Dataset content:
**********

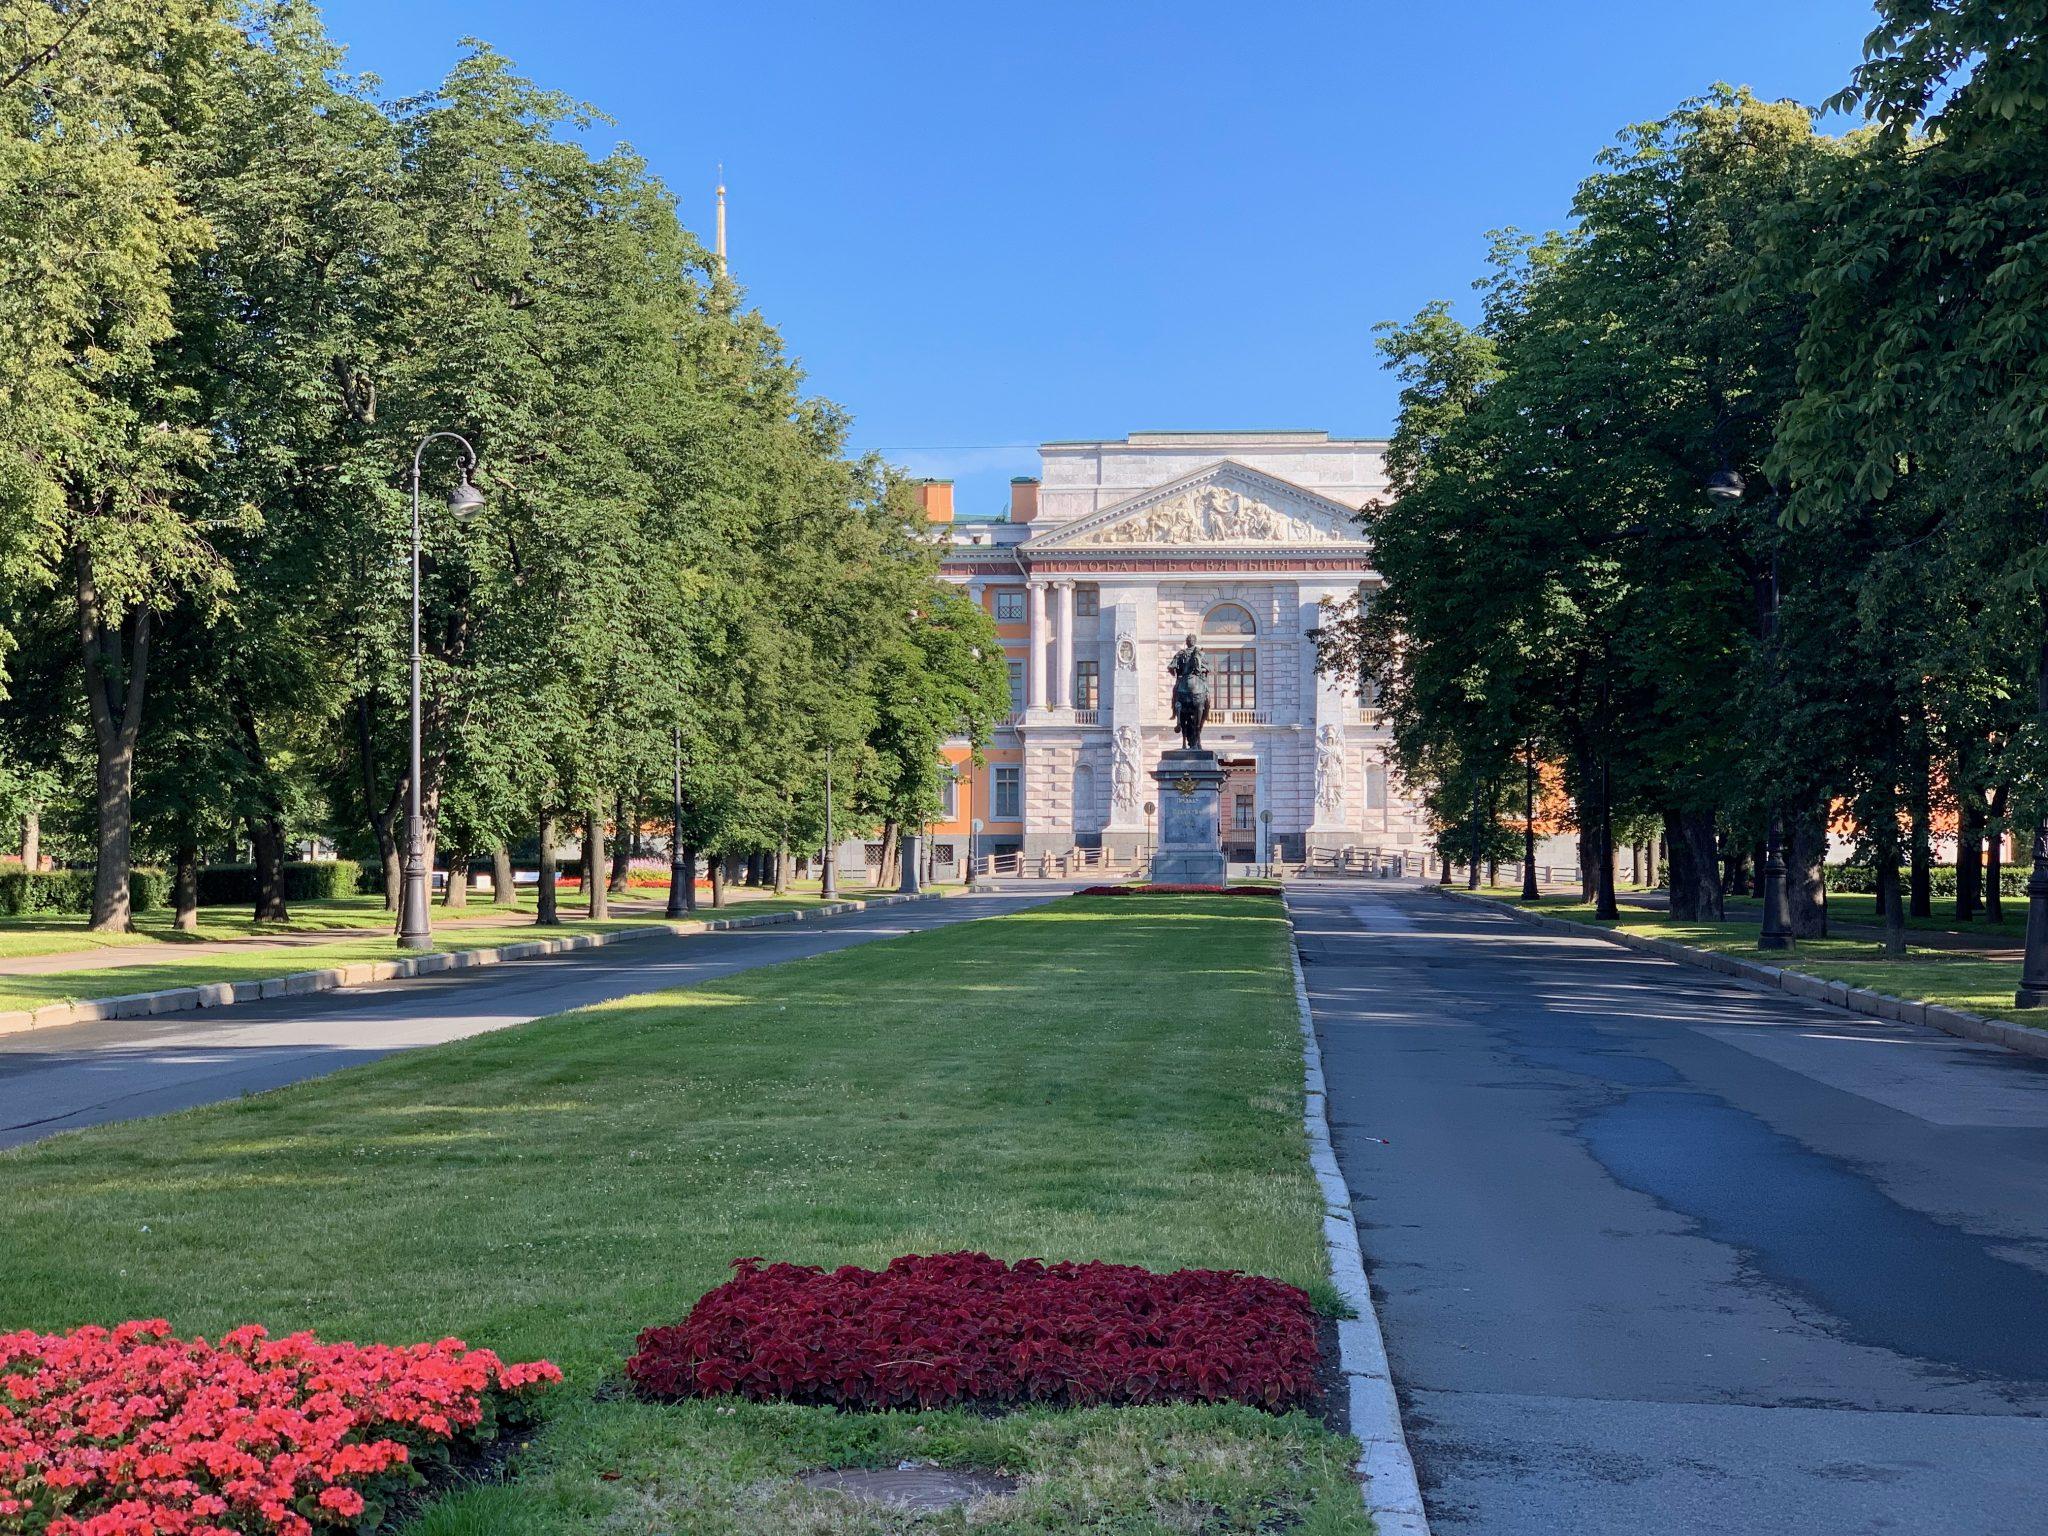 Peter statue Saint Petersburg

**********

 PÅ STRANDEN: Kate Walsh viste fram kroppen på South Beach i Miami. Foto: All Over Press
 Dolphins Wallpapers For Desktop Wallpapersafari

**********

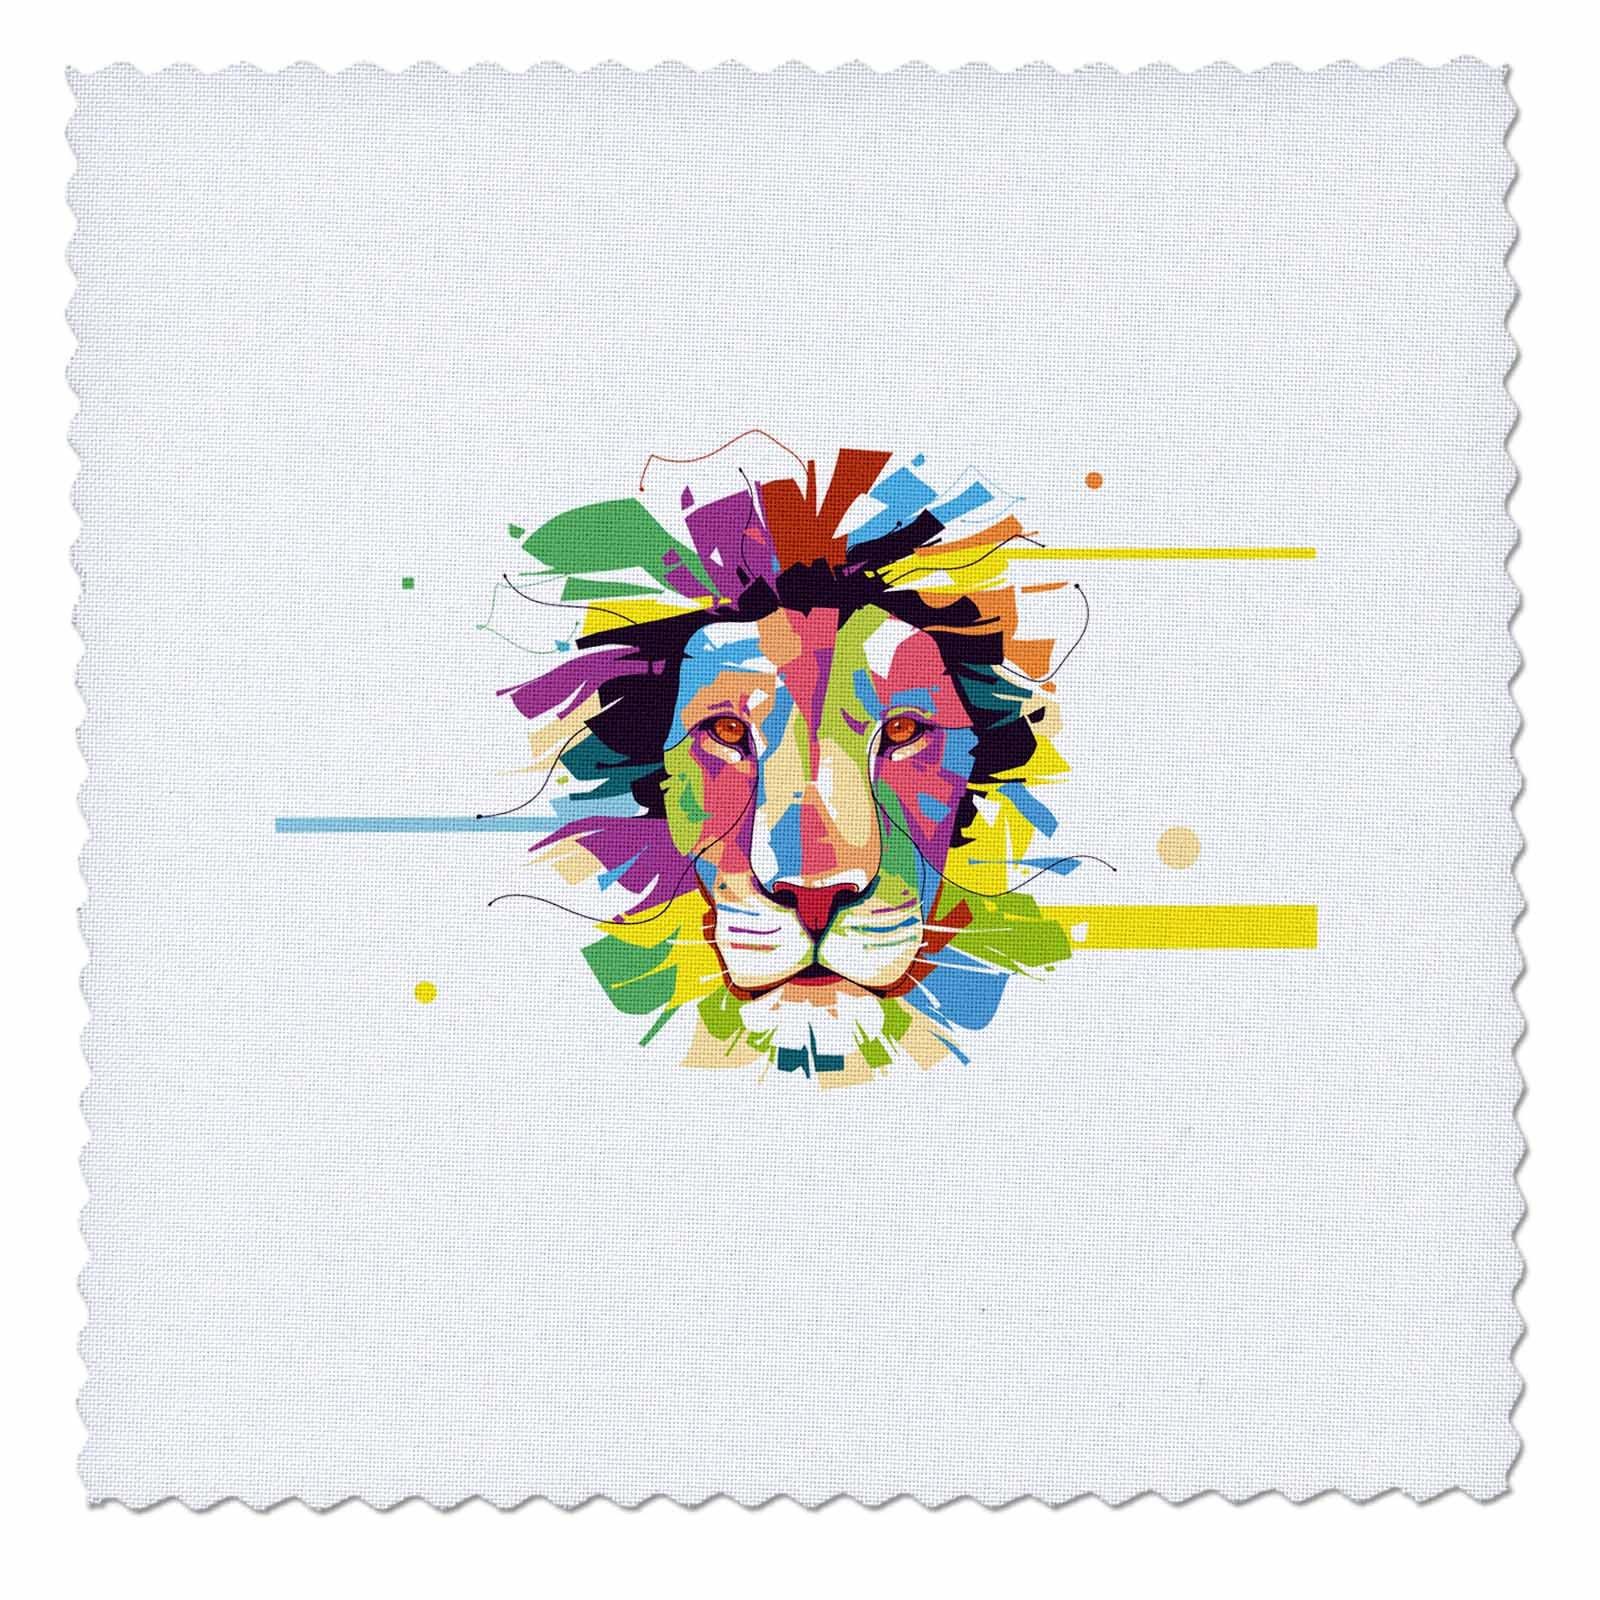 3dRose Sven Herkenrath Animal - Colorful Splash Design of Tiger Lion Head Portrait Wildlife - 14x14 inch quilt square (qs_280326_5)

**********

Task directions: Copy the records above exactly, beginning at the line that contains "PÅ STRANDEN: Kate" and stopping after the line that contains "Dolphins Wallpapers For".

Finished task:
 PÅ STRANDEN: Kate Walsh viste fram kroppen på South Beach i Miami. Foto: All Over Press
 Dolphins Wallpapers For Desktop Wallpapersafari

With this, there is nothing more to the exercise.